After the Elections: Forecasting the Neo-Con Future
Dr. Robert D. Crane
Posted Nov 8, 2006 •Permalink • Printer-Friendly Version
After the Elections: Forecasting the Neo-Con Future
by Dr. Robert D. Crane
The Democratic rout of the Republicans in the mid-term 2006 elections in America raise more questions than answers. Two important questions are the future roles of the NeoCons and Israel in Washington, now that American governance is no longer monolithic. These have always been separate issues, but now may be more so.
Will the influence of Israel decrease, or will Senator Lieberman garner support for his namesake in Israel, who thinks that current policies are too weak? One of the world’s senior opinion leaders warned shortly before the elections that a sea-change may be in the making caused by forces that can not be controlled from Washington.
Former World Bank President James Wolfensohn told the Jewish Federation of Chicago this week that the Lebanon war was an unprecedented test to Israel’s military and that within a year or two the Jewish State will no longer be Washington’s center of attention.
He urged Diaspora Jews to support Israel over the next two years as energy shortages, Muslim demographic ascension, and the rise of China as an economic power could weaken Israel’s strategic allegiance with Washington.

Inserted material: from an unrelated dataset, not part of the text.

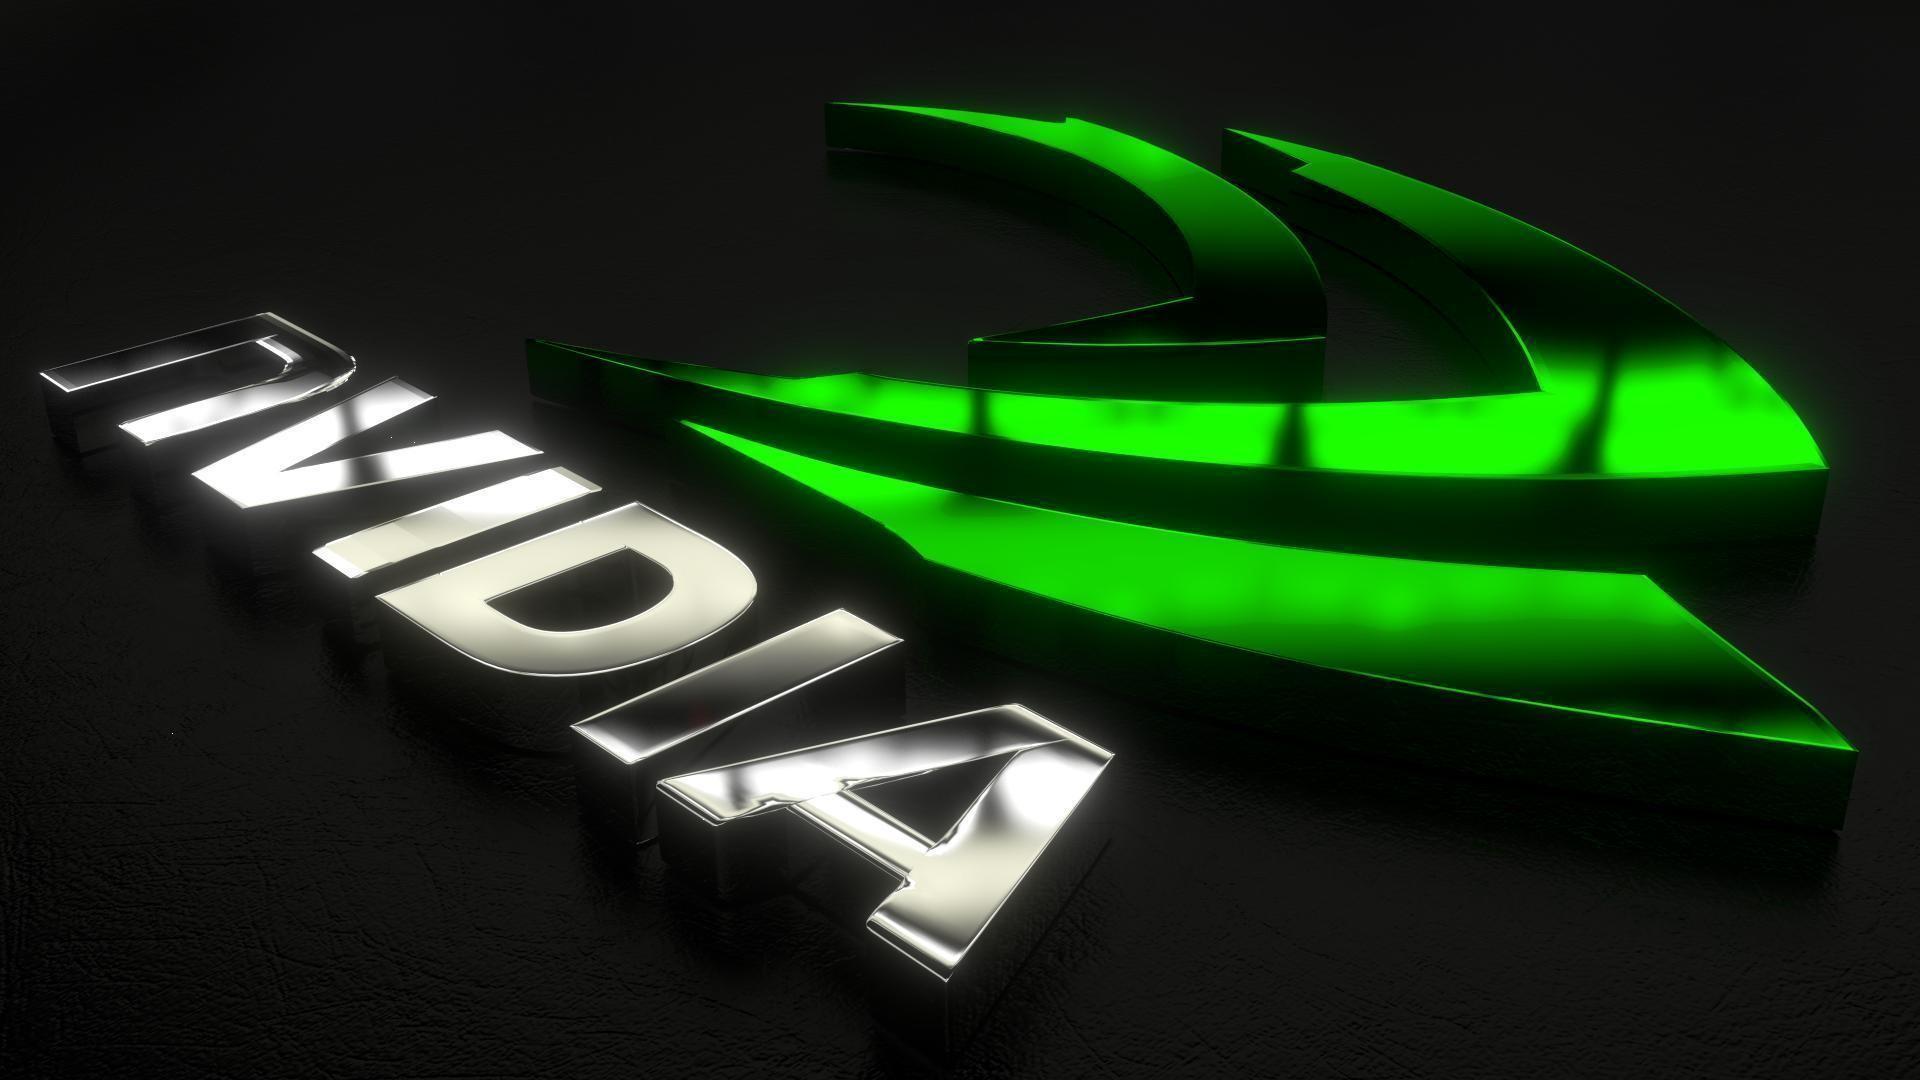 Nvidia wallpapers 4k 72 images - 1920x1080 wallpaper nvidia ...

This forecast raises three questions about an issue that many may consider now to be a non-issue. This is the future of Neo-Conservatism as an ideology and as a political movement.
First, what is the meaning of the vicious attacks by many Neo-Con leaders against their own gurus in the Bush Administration? Is this fratricide merely a tactic to find scapegoats for the bankruptcy of their own policies? Or, is it preparing the way for a strategic switch to support the Democrats with greater independence from the Millenarian Evangelicals, less emphasis on Israel, and a focus on America’s national security and prosperity? Does this imply a rapid exit from Iraq and new initiatives toward both Iran and Hamas, all designed to resurrect the NeoCon ideology under different auspices and a more pragmatic and honest paradigm of thought? Is it a way to say, look we had to switch, and we’re still here and we aim to manage the global future without the need for any do-good ideology about freedom and democracy. Anyway, we were always Democrats and are merely returning to our roots. This would be Kissingerism at its best.
Second, does this mean that Israel will have to attack Iran in order to force action by America to finish the job? Does it mean that Israel will have to function as a catalytic trigger, which was the whole purpose of De Gaulle’s force de frappe. Since France could have started a Third World War at the push of a button, this gave it a lot of power over America. The relations were hostile, but America never really challenged a nuclear tiger willing to die for its independence under the American nuclear umbrella.
This may all be too complicated for Bush, but it is grade-school stuff for the scions of the permanent American foreign policy establishment, epitomized by Kissinger. If the elections go against the Republicans, as anticipated, the Council on Foreign Relations and its think-tank, The Aspen Institute, may replace the various NeoCon think-tanks as the center of power in setting both the paradigm and the ensuing agenda of U.S. foreign policy.
As a long-range global forecaster, I would expect that there would no longer be any Axis of Evil and that Hamas would become a good guy provided that it responds appropriately to very pragmatic policies designed to disarm extremists by co-opting pragmatic Muslims who have a popular track record of principled defense of “Islam.” There is no purpose nowadays in bothering to co-opt Arabs or anyone else who has no such record.
Third question. Would or could President Bush during his final two years in office as perhaps the last Republican president for decades abandon his autistic stance of “You are either with me or against me”? Might he even glimpse the advantages of seeking justice rather than military power as the most reliable road to global stability and to American security, both economic, political, and military?
Such a paradigmatic revolution might bring about the most revolutionary shift in American foreign policy in a couple of centuries. It might resurrect the Founders’ vision of America as a model for the world in pursuing the aims of the American Constitution’s preamble, which start with justice and conclude with freedom as its most important product.